(Beginning of Data below)

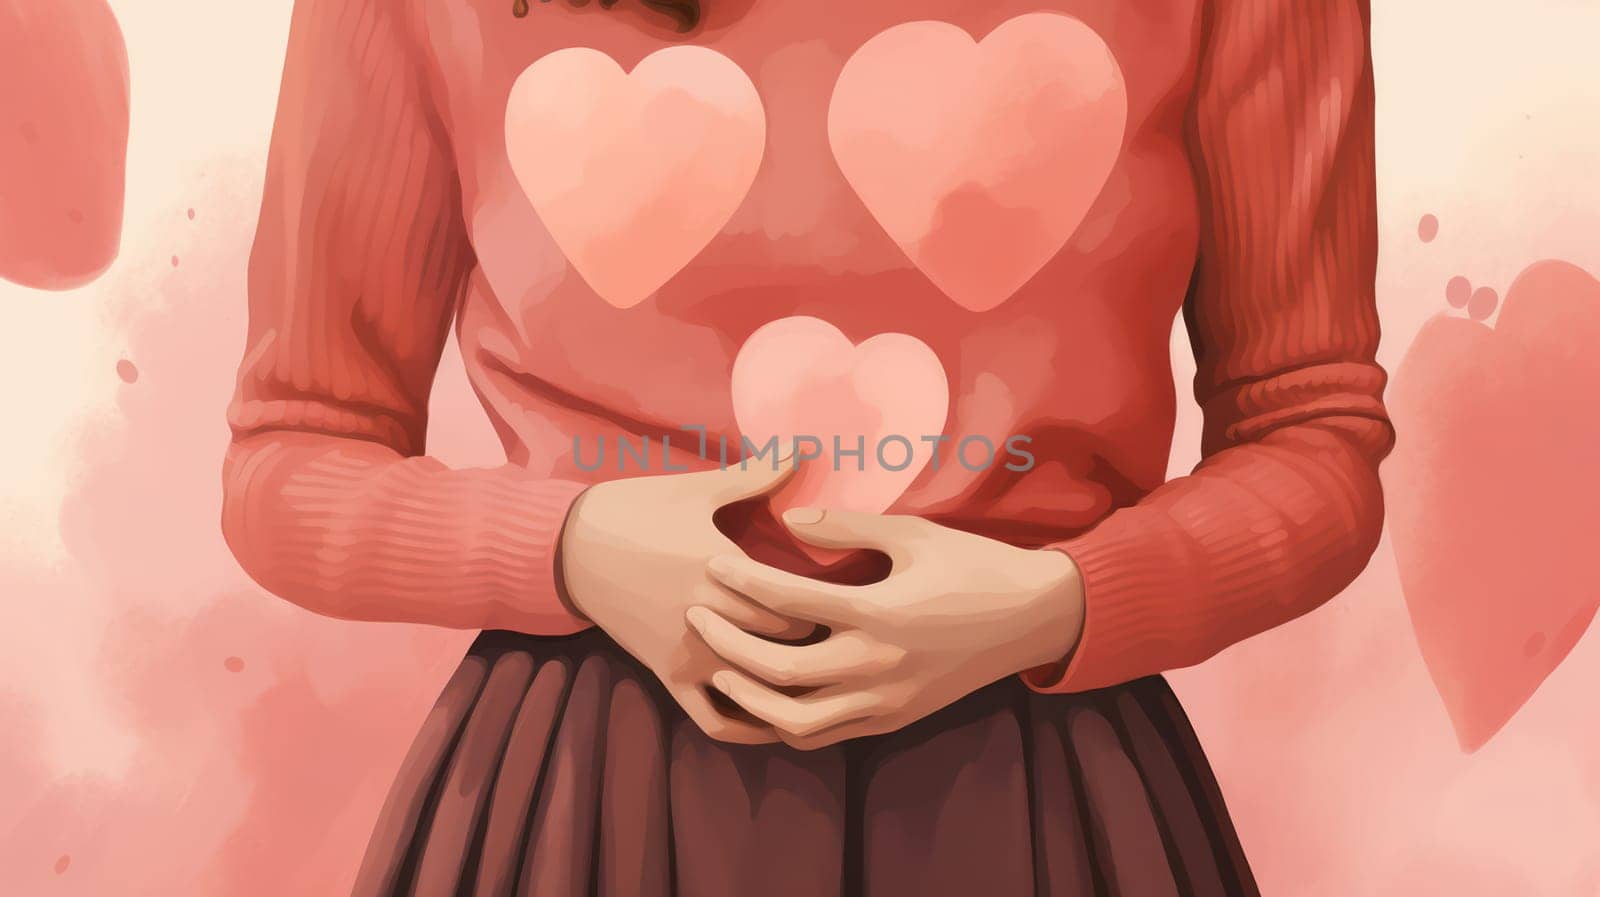 Anticipation of Love: A Happy Pregnant Woman's Hands Holding her Baby Bump in a Symbolic Heart Shape, Embracing the Concept of Motherhood by Vichizh
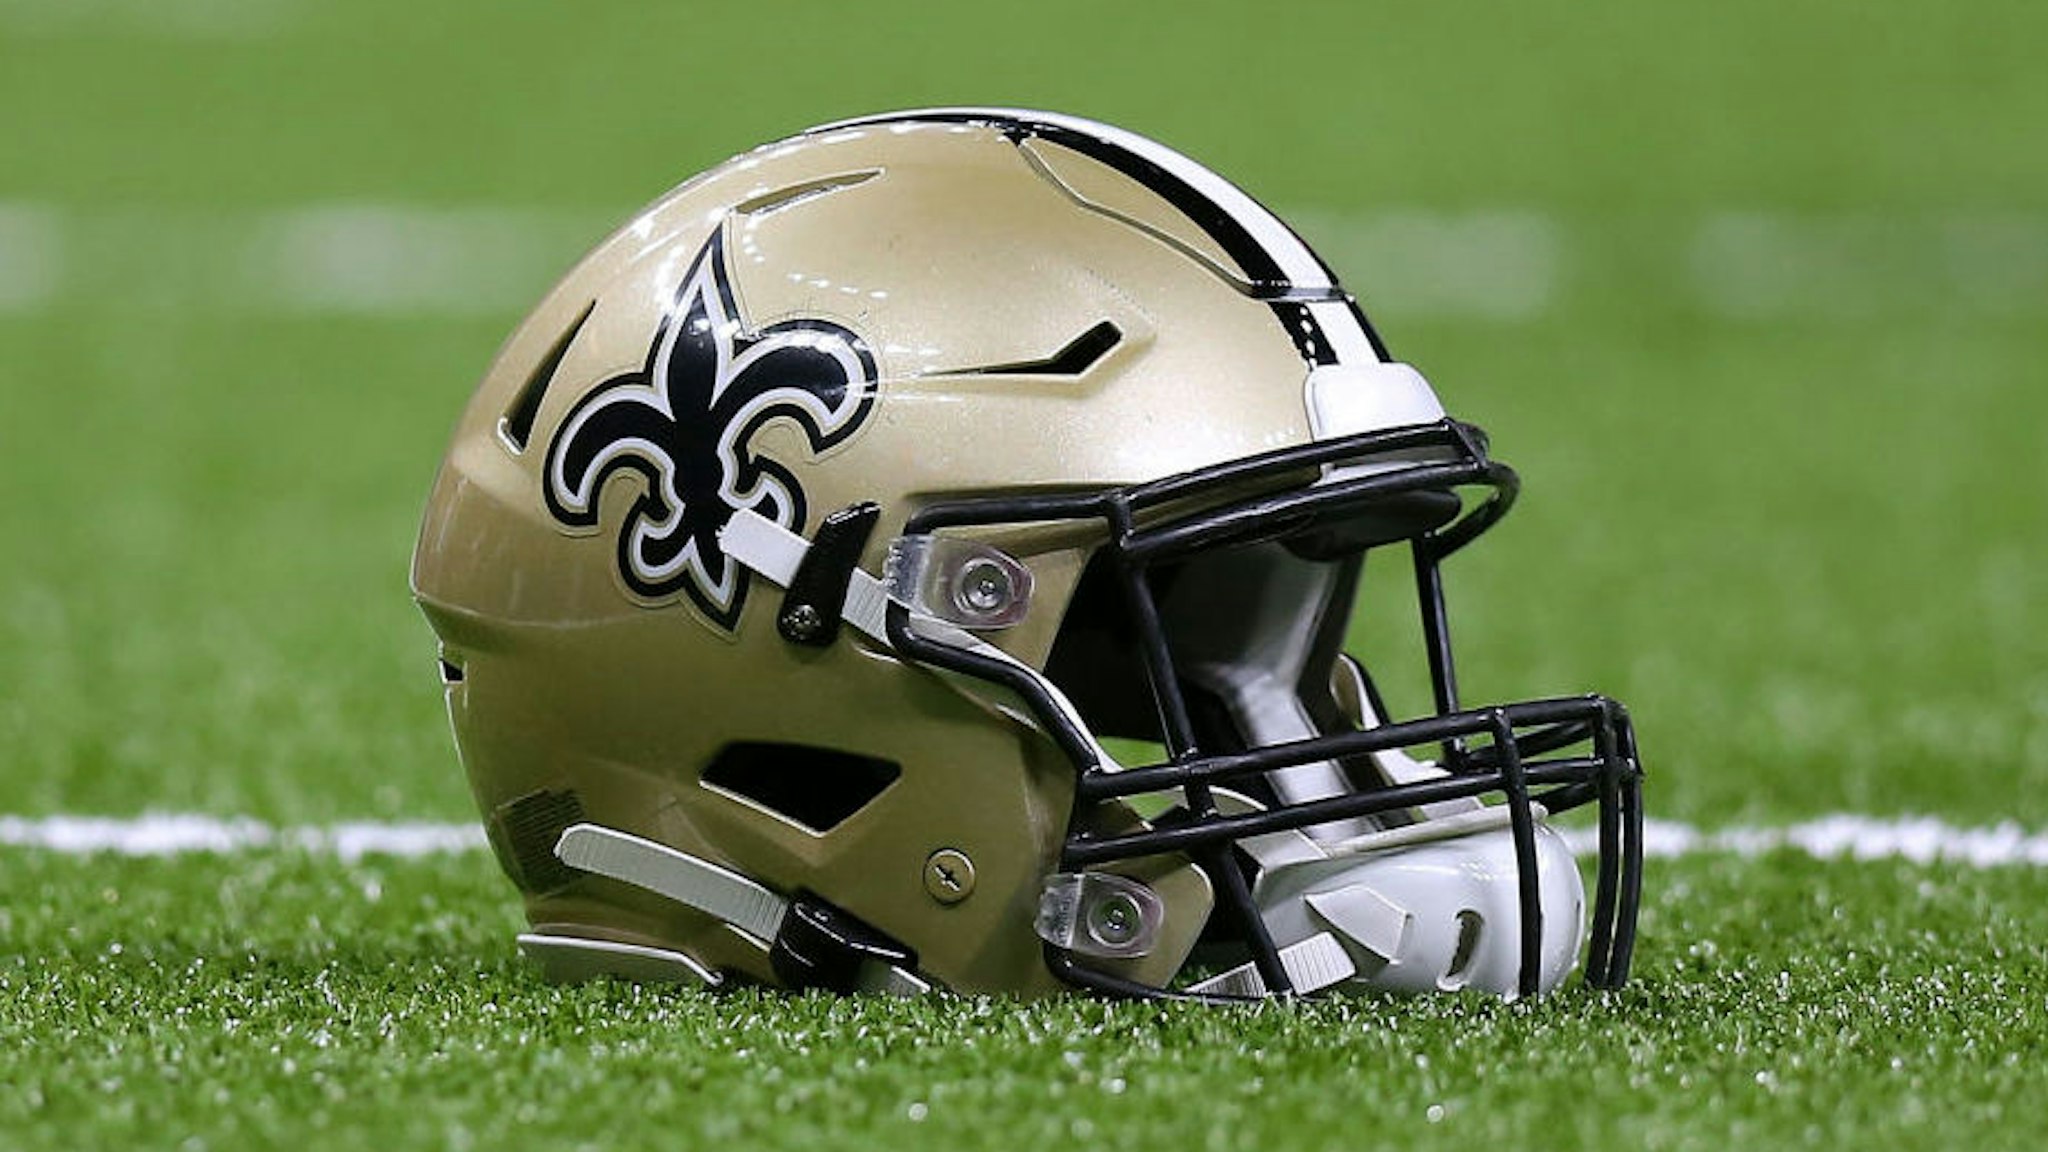 NEW ORLEANS, LOUISIANA - AUGUST 29: A New Orleans Saints helmet is pictured during an NFL preseason game at the Mercedes Benz Superdome on August 29, 2019 in New Orleans, Louisiana.
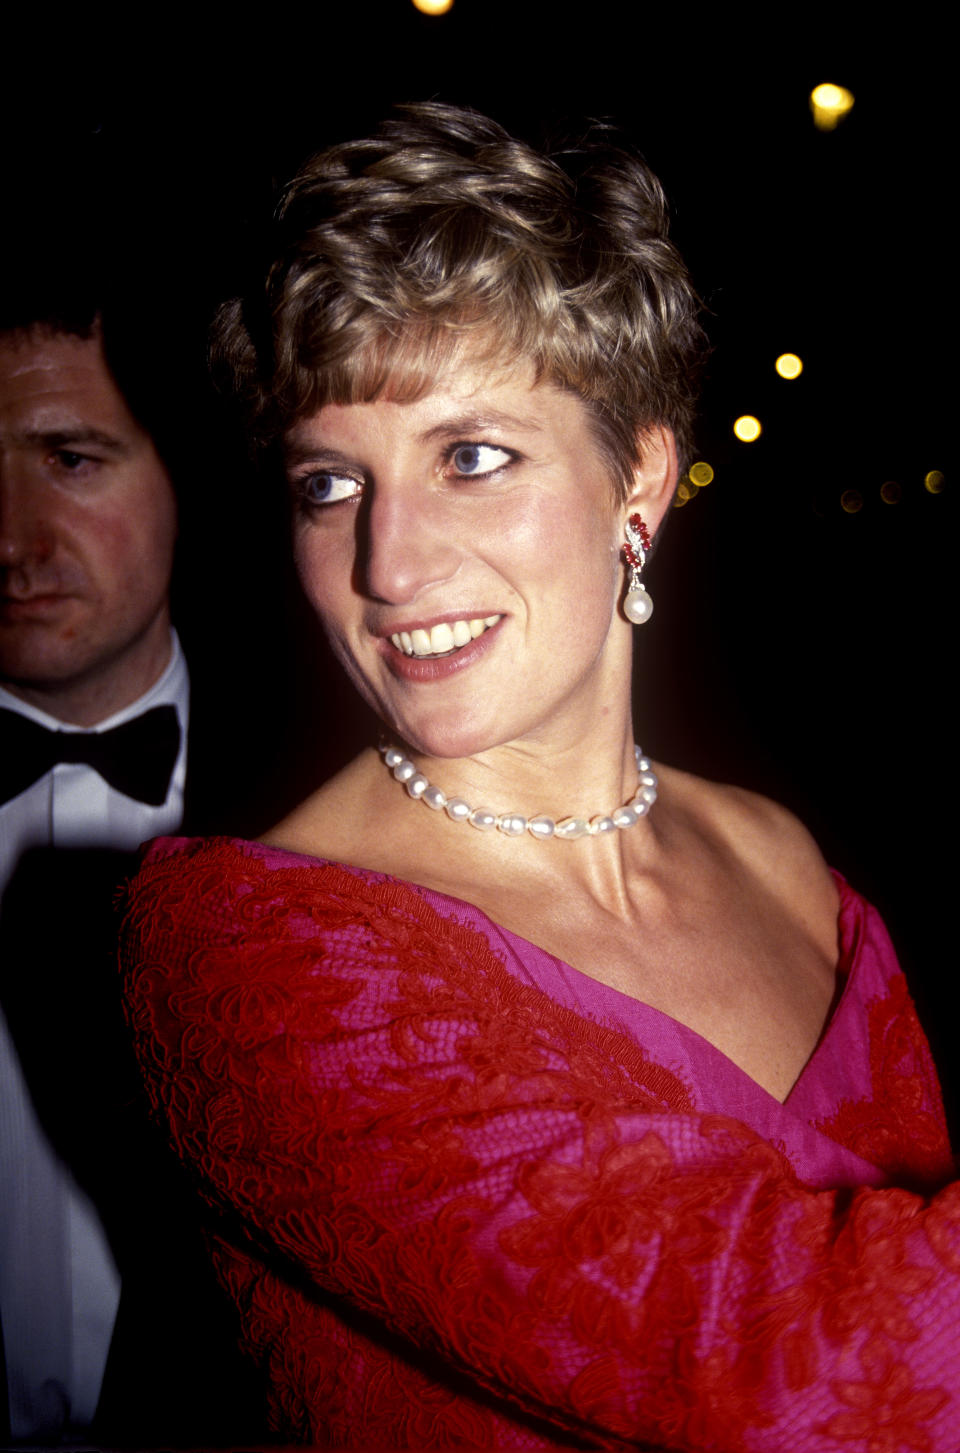 Diana, Princess of Wales, wearing a red and pink outfit with white pearls, at the Royal College of Music, 17th December 1991. (Photo by John Shelley Collection/Avalon/Getty Images)

(End of Data below)

**Work task:**
Exclude the pictures from the copy. Retype exactly the lines running from the one containing "NEW ORLEANS, LOUISIANA - AUGUST" through the last line of the listing.

**Task response:**
 NEW ORLEANS, LOUISIANA - AUGUST 29: A New Orleans Saints helmet is pictured during an NFL preseason game at the Mercedes Benz Superdome on August 29, 2019 in New Orleans, Louisiana.
 Diana, Princess of Wales, wearing a red and pink outfit with white pearls, at the Royal College of Music, 17th December 1991. (Photo by John Shelley Collection/Avalon/Getty Images)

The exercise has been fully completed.